§ **Your task**
Would you transcribe the listing exactly as it stands, minus any images?

§ **Dataset section**
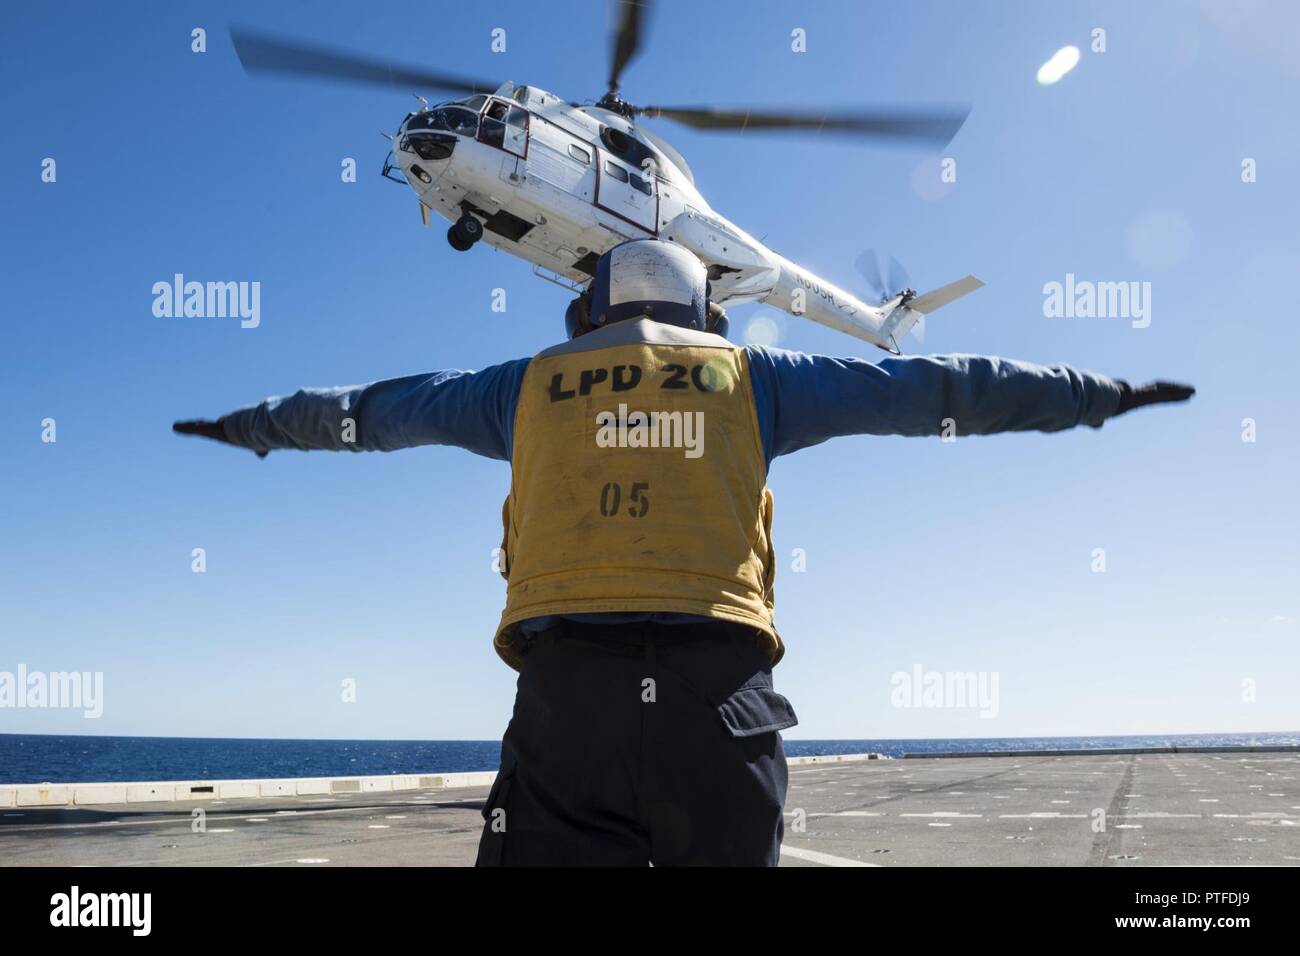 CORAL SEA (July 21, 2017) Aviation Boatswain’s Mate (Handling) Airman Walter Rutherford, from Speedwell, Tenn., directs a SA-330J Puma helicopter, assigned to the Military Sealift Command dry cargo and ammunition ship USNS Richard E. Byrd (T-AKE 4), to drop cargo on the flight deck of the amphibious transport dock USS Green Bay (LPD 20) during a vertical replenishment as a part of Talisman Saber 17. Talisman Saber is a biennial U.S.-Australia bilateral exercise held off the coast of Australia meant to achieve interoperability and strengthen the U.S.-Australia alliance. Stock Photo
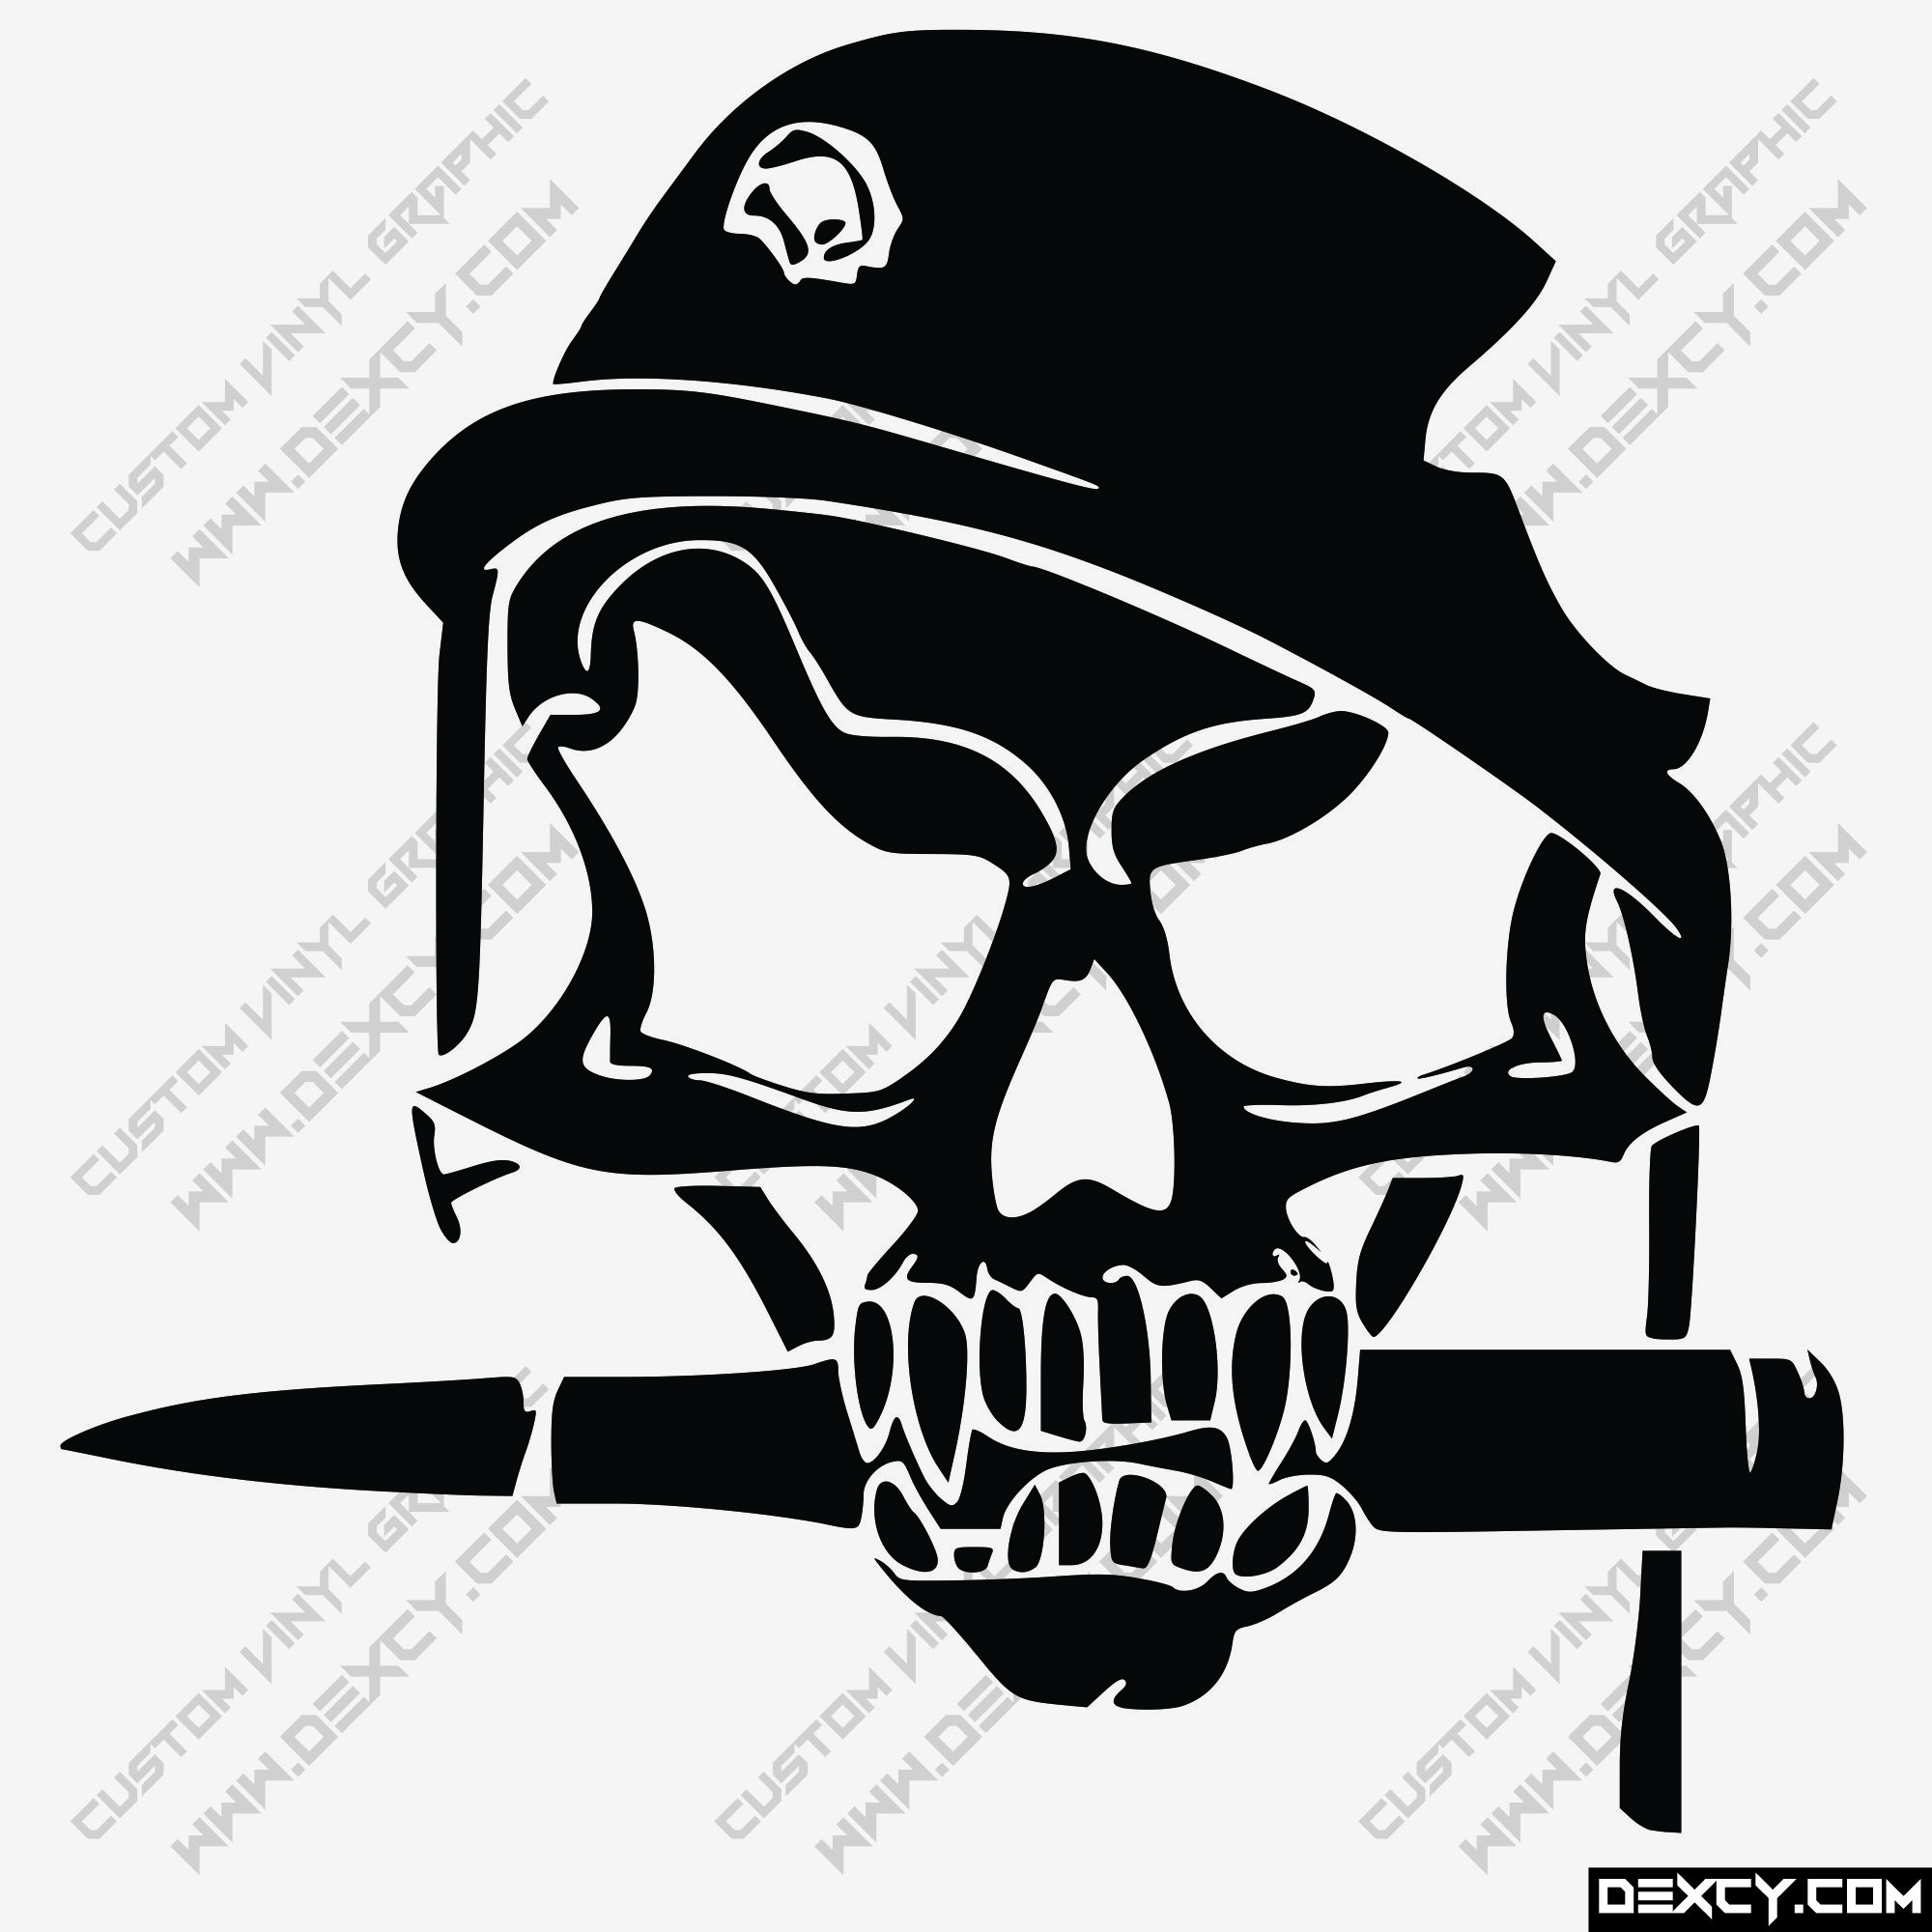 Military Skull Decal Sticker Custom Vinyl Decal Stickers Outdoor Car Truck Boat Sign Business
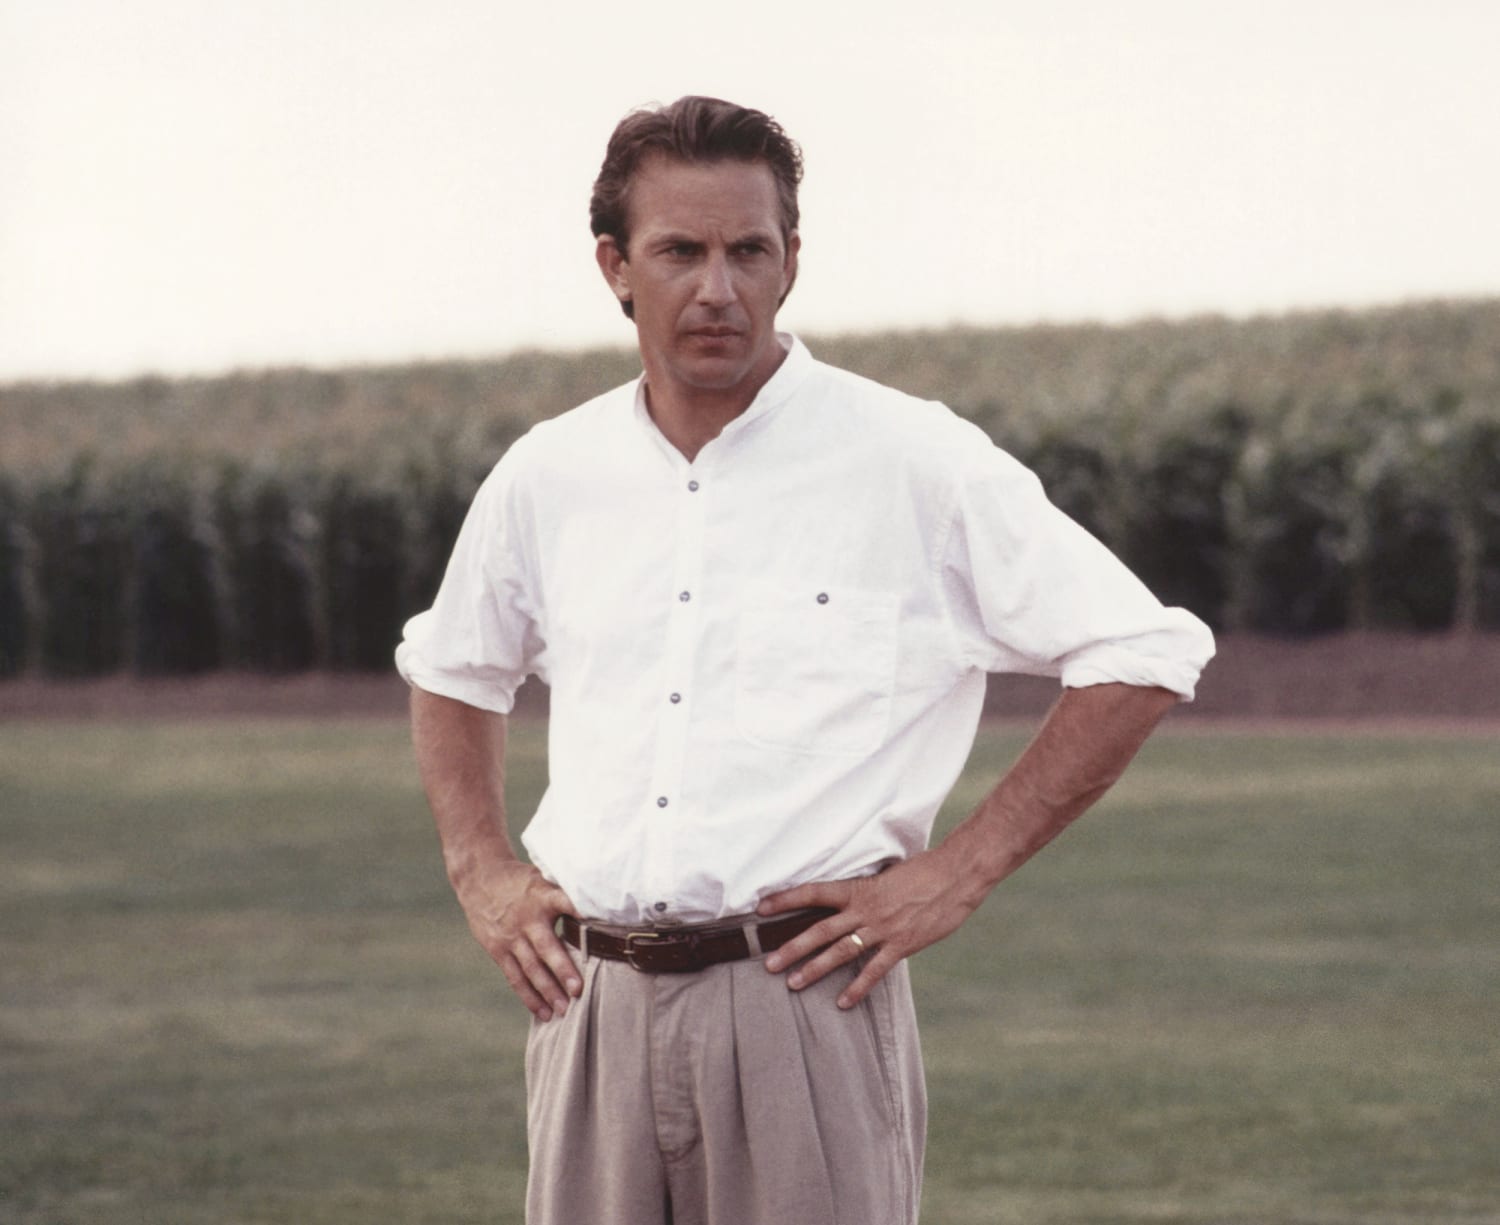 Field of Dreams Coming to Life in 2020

§ **Answer to the exercise**
 CORAL SEA (July 21, 2017) Aviation Boatswain’s Mate (Handling) Airman Walter Rutherford, from Speedwell, Tenn., directs a SA-330J Puma helicopter, assigned to the Military Sealift Command dry cargo and ammunition ship USNS Richard E. Byrd (T-AKE 4), to drop cargo on the flight deck of the amphibious transport dock USS Green Bay (LPD 20) during a vertical replenishment as a part of Talisman Saber 17. Talisman Saber is a biennial U.S.-Australia bilateral exercise held off the coast of Australia meant to achieve interoperability and strengthen the U.S.-Australia alliance. Stock Photo
 Military Skull Decal Sticker Custom Vinyl Decal Stickers Outdoor Car Truck Boat Sign Business
 Field of Dreams Coming to Life in 2020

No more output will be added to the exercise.